Zuckerwar and Shams envision a host of potential uses for their invention.

Measurements in the field reveal that it is capable of detecting clear air turbulence. According to Shams, clear air turbulence costs the aviation industry almost $100 million annually. Pilots often have to descend or reroute because of the turbulence, which is caused, for example, by the jet stream. It can also cause structural damage to aircraft.

With an infrasonic detection system in place to "hear" the turbulence earlier, Shams believes the industry could alleviate some of those costs.

"They could make a plan to avoid the clear air turbulence," he said. "There would be less pollution, less fuel burn, less structural damage and passengers would feel more comfortable, less inconvenienced."

Similarly, the industry could use the system to detect wake vortices, the turbulence that forms behind an aircraft as it passes through the air. Aircraft have to maintain set distances from one another because of the vortices, but according to Zuckerwar and Shams those distances are often overly conservative.Wake vortices produce an infrasonic signature. If pilots and air traffic controllers could detect the vortices, Shams says, they could safely reduce the spacing between aircraft.

The system could also be used to detect natural disasters. Scientists at the University of Oklahoma have approached Zuckerwar and Shams about installing a system in Oklahoma to detect tornadoes.
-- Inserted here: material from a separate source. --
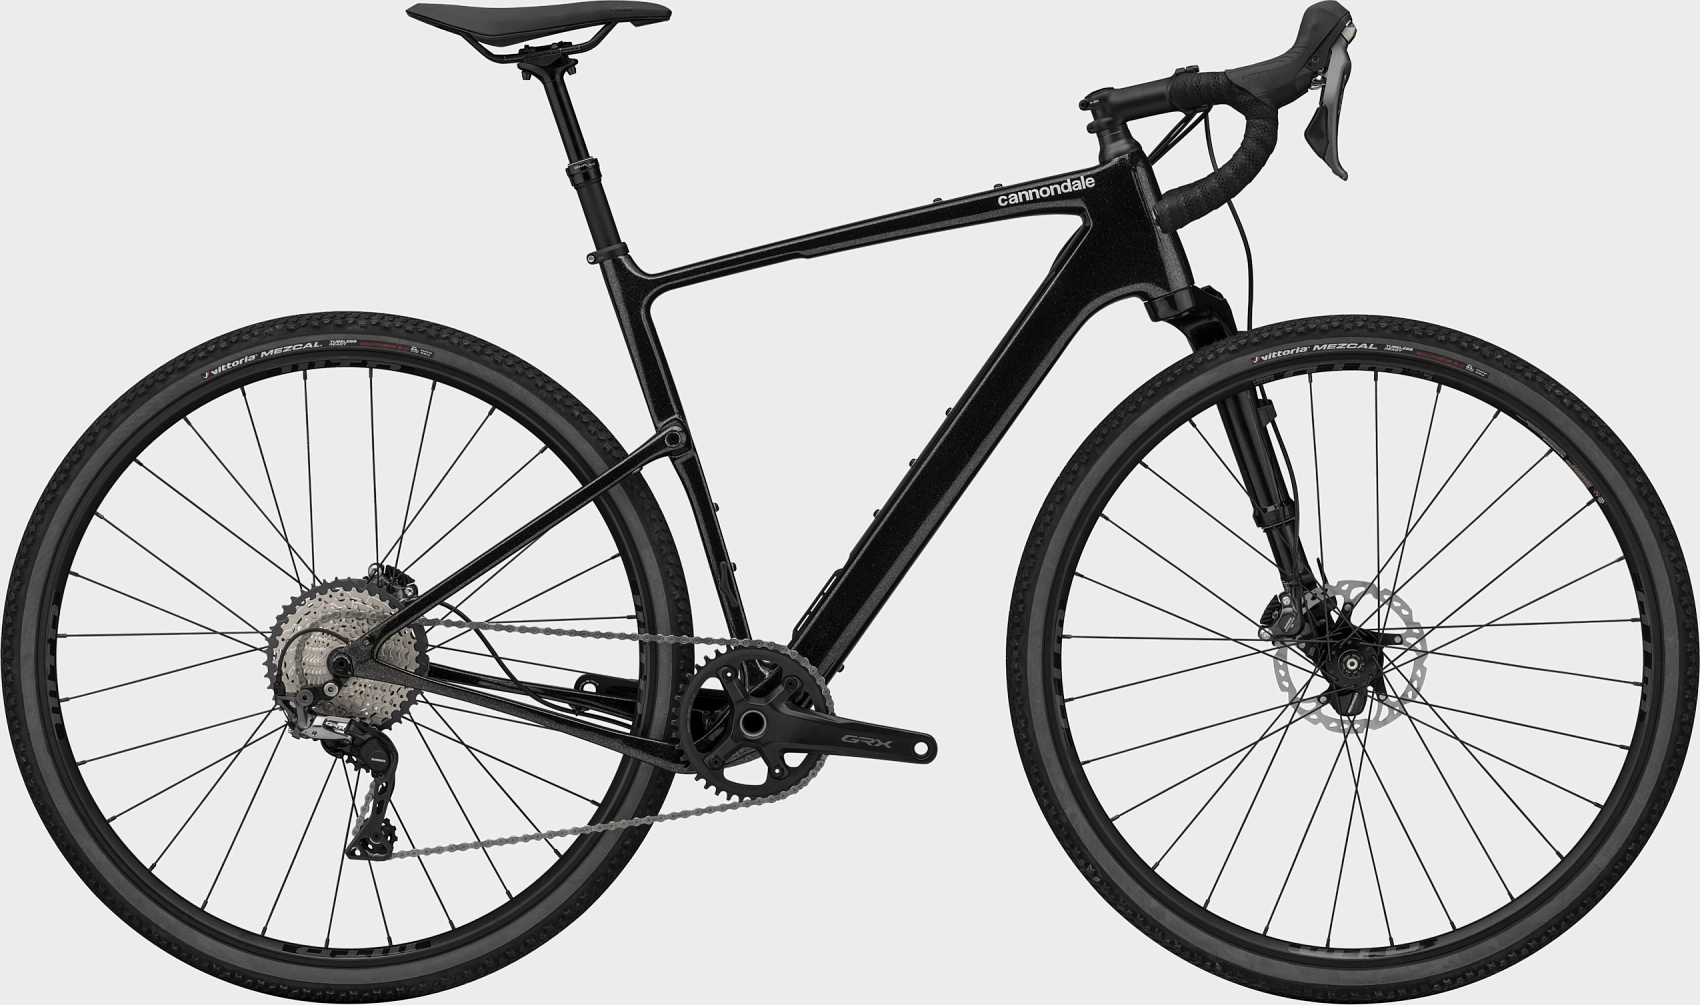 Cannondale Cannodale Topstone Carbon 2 Lefty

Shams believes an infrasound-based detection system would be advantageous over radar because it may "hear" a tornado's infrasonic signatures as it was forming. "We can have a system to provide enough warning to residents about where tornadoes are forming and in which direction the spiral wind is moving," he said.

Shams and Zuckerwar also believe their system could possibly be useful in the detection of earthquakes, tsunamis and volcanic eruptions, but they currently don’t have substantiating data. They are looking at opportunities for collection of data to verify the concept.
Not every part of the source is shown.